Hello Bob,  Have you received my e-mails?


----------



## SODAPOPBOB (Aug 4, 2013)

> ORIGINAL:  lblackvelvet
> 
> Hello Bob,  Have you received my e-mails?


 
 Nope! 

 I'm not sure what the problem is. Please try another PM

 Thanks

 Bob


----------



## lblackvelvet (Aug 4, 2013)

I have tried your personal e-mail Address and just sent another PM.?  I don't know why you are not getting them.  My e-mail is lblackvelvet@yahoo.com   Maybe you can send me a e-mail and I can reply to it?  Thanks....  Kevin..


----------



## SODAPOPBOB (Aug 4, 2013)

P.S.

 Kevin:

 I just thought of something. 

 If you happen to be using a Mac computer I cannot receive Mac emails. I'm not sure why but I can't!

 Bob


----------



## lblackvelvet (Aug 4, 2013)

Hi Bob, Received your e-mail, Sent you my phone # !!


----------



## epackage (Aug 4, 2013)

Sent you an email as well Bob, I have Kevin's contact info for you...


----------



## lblackvelvet (Aug 4, 2013)

Thanks Jim, I don't know why we can't connect. I have tried all week with no luck !


----------



## celerycola (Aug 4, 2013)

Any bottle with DECOrative elements is a DECO bottle. If you disagree with the published information regarding DECO sodas please let us know where you disagree and provide us some alternative bottle related sources before we all throw our books into the trash.

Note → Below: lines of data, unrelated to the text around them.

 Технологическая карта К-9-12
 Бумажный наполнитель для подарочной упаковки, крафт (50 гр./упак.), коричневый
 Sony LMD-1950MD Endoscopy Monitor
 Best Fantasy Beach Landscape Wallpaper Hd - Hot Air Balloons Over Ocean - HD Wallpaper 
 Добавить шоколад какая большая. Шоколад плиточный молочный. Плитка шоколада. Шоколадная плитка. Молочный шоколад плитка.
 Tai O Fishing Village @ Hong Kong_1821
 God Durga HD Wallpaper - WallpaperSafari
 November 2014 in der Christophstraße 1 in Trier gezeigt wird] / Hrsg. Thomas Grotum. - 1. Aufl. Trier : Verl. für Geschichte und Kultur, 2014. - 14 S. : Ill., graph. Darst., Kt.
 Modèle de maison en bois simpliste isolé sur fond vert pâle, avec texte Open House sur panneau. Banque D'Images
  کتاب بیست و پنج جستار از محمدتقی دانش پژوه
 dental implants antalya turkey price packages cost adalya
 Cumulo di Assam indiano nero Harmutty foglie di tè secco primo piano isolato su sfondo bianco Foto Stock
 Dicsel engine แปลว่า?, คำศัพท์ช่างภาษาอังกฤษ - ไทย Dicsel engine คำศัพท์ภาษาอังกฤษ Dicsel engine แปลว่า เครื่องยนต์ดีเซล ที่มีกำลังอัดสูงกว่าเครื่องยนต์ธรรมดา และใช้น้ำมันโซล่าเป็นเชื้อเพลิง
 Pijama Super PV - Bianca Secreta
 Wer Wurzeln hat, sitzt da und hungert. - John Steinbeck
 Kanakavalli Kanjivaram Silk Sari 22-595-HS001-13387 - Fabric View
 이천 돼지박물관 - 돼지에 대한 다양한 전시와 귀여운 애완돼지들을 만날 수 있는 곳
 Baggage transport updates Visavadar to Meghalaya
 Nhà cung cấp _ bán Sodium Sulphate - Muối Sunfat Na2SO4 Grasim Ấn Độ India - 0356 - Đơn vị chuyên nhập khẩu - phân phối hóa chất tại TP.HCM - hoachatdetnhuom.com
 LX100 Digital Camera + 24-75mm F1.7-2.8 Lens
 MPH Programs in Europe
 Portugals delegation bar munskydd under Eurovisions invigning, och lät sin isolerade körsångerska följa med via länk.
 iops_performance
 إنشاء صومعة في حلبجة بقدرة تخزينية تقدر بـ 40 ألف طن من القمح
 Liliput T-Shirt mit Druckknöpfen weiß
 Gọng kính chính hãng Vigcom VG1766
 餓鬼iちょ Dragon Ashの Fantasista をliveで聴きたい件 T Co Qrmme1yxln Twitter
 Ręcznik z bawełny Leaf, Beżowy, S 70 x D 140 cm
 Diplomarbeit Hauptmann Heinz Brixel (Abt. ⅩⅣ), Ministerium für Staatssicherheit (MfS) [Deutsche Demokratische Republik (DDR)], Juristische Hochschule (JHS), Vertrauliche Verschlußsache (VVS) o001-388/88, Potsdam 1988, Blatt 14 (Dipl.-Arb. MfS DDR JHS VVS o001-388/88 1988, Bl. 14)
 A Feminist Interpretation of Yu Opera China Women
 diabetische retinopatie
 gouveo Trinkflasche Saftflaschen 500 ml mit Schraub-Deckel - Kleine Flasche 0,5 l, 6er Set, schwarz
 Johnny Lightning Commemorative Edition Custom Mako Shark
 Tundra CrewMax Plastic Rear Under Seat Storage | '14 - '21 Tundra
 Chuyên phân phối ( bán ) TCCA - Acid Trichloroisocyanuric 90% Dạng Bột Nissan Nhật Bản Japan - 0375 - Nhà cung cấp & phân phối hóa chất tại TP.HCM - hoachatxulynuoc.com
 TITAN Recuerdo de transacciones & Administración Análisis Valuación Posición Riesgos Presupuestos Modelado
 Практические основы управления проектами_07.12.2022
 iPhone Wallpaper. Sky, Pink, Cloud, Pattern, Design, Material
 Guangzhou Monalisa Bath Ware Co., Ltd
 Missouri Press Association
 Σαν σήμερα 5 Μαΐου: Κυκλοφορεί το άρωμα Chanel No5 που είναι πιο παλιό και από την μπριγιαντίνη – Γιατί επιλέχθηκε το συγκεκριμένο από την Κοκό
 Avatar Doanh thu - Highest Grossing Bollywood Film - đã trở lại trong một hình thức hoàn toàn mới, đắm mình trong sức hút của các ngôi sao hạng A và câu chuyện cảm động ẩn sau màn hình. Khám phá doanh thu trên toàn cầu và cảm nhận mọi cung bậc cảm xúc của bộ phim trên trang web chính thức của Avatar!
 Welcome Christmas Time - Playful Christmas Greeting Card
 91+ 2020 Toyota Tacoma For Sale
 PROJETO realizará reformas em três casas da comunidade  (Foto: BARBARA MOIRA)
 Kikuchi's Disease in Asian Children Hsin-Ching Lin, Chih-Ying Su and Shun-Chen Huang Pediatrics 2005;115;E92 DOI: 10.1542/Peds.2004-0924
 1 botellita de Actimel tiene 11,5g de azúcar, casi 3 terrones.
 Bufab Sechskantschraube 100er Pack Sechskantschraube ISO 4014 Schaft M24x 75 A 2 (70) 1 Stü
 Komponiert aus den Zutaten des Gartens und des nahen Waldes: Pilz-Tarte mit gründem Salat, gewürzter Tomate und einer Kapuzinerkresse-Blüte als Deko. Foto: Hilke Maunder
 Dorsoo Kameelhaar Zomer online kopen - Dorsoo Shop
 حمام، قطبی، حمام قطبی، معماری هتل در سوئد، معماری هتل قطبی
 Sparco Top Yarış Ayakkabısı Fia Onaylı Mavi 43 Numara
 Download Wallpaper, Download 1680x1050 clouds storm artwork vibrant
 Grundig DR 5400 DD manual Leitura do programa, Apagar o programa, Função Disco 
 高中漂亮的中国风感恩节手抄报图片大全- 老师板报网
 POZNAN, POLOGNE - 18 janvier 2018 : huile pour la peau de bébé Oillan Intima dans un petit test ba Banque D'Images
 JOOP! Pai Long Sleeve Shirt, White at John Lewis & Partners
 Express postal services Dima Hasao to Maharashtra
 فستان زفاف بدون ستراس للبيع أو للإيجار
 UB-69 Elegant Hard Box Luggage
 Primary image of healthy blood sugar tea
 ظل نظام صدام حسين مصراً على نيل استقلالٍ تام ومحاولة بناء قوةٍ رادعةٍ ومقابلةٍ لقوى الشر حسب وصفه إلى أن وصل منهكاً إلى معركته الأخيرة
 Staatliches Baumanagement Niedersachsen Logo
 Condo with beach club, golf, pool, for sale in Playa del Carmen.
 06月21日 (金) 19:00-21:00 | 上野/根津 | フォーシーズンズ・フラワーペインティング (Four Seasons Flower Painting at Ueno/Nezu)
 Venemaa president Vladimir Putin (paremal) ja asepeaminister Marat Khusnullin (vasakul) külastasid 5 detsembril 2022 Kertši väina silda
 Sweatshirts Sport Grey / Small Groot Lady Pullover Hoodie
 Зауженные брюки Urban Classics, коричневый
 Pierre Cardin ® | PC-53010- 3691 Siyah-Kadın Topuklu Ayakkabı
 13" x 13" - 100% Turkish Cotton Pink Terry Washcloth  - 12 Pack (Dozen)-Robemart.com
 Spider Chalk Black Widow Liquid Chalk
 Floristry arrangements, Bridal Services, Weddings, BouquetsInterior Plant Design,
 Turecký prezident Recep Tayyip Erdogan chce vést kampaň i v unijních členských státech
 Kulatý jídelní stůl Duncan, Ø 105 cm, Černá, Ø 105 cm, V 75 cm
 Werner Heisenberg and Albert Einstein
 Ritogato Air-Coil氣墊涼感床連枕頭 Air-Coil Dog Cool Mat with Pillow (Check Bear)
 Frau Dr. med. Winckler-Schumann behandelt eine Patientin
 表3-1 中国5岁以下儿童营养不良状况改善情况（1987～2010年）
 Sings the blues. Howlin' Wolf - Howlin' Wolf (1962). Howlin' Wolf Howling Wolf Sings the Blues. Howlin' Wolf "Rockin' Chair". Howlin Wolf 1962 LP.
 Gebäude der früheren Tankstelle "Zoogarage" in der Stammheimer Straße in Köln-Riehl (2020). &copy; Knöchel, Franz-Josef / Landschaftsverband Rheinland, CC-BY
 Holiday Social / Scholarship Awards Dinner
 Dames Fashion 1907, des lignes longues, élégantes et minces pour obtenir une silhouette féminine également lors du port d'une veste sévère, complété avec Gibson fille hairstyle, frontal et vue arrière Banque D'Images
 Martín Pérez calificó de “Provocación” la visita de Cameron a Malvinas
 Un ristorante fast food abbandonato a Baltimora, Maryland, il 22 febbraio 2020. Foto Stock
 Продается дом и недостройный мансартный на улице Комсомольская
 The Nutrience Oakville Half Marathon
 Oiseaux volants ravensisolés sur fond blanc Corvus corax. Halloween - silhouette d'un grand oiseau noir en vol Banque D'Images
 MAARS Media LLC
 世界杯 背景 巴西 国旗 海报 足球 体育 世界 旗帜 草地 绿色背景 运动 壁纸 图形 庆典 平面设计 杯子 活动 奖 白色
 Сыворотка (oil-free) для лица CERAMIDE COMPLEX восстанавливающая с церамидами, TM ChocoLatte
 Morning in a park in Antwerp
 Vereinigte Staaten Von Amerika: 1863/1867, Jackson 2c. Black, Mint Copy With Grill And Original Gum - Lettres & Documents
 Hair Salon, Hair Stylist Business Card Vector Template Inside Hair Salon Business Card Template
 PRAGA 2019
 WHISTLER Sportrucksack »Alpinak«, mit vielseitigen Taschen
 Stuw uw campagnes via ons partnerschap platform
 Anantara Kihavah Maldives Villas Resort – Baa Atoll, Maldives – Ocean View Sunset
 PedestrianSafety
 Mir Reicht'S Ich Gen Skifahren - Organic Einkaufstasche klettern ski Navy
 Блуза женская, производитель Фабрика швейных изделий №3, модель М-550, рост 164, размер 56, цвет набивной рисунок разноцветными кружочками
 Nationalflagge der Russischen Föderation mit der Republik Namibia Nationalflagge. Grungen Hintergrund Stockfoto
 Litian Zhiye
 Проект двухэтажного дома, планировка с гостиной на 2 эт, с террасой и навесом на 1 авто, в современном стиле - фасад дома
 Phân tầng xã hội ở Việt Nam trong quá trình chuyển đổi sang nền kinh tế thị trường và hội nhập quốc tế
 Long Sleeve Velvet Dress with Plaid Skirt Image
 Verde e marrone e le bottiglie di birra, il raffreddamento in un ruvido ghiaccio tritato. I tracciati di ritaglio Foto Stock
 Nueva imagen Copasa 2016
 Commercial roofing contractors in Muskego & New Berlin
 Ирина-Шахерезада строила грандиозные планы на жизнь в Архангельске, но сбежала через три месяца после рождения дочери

 If you believe DECO is the same as Art Deco then the 1915 Coke bottle does not fall into the category as it predates the Art Deco era. Continuing your line of reasoning any soda bottle not influenced by Eqyptian design is not DECO. 




> ORIGINAL:  SODAPOPBOB
> 
> 
> 
> ...


----------



## T D (Aug 4, 2013)

Bob.  Read the original title of your thread.  This could have been a really good thread with forum members contributing pictures of early crown top NON STRAIGHT SIDED bottles and discussion about these bottles.  Instead you overloaded it with off topic information.  It as re- morphed into a completely different animal.  How about we just simplify it to after straight sided crown top sodas?


----------



## SODAPOPBOB (Aug 4, 2013)

For those who might be wondering ...

 With Jim/epackage assisting as middleman, Iblackvelvet/Kevin and I finally connected on the phone today and made arrangements for me to purchase the pyramid soda bottle. Kevin and I agreed not to disclose the selling price but we are both happy with the transaction. We still haven't figured out what caused the email problem and possibly never will.  My thanks goes out to Jim for his invaluable help in making the connection possible. 

 Bob


----------



## epackage (Aug 4, 2013)

Happy to hear it worked out...[]


----------



## T D (Aug 4, 2013)

[/quote]


----------



## OsiaBoyce (Aug 4, 2013)

> ORIGINAL: celerycola
> 
> Bob,
> 
> ...


 
http://www.youtube.com/watch?v=Bl5dZxA-rZY

 I'm stunned, we are in the presence of greatness. Where as Gahndi said "...............our greatness lies not so much in being able to remake the world......." I see where Bob is changing long standing definitions. Then I guess I am reminded of what Humpty Dumpty said in Lewis Carrols 'Through The Looking Glass', which is, "When I use a word it means what I choose it to mean, neither more nor less."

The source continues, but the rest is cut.